DATA FOR THIS EXERCISE START
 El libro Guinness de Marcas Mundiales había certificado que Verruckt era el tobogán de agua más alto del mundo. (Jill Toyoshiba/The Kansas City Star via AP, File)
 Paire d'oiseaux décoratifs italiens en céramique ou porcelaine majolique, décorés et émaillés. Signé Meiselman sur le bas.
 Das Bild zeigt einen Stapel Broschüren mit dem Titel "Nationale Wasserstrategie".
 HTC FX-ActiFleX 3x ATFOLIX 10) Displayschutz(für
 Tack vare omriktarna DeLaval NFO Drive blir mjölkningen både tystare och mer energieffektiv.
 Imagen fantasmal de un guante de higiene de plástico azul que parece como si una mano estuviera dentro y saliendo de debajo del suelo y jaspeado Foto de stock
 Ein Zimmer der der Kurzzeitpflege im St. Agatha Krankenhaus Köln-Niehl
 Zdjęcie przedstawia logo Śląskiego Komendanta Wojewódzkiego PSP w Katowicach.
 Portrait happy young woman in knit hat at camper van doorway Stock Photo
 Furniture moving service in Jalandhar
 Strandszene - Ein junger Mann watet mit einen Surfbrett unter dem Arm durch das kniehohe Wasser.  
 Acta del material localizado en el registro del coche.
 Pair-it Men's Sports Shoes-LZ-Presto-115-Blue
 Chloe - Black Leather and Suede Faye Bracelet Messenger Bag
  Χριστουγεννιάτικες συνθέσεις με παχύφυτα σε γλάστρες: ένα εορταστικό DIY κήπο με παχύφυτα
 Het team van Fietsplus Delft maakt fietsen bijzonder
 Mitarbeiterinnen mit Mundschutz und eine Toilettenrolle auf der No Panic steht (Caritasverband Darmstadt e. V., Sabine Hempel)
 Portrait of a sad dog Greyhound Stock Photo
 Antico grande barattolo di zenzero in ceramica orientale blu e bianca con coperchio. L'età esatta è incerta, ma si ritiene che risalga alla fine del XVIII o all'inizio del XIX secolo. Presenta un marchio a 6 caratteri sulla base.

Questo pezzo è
DATA FOR THIS EXERCISE END
- _TASK DESCRIPTION_: Go through the material above line by line and state how many lines contain "Photo". Give only the number.

- _FINISHED TASK_: 2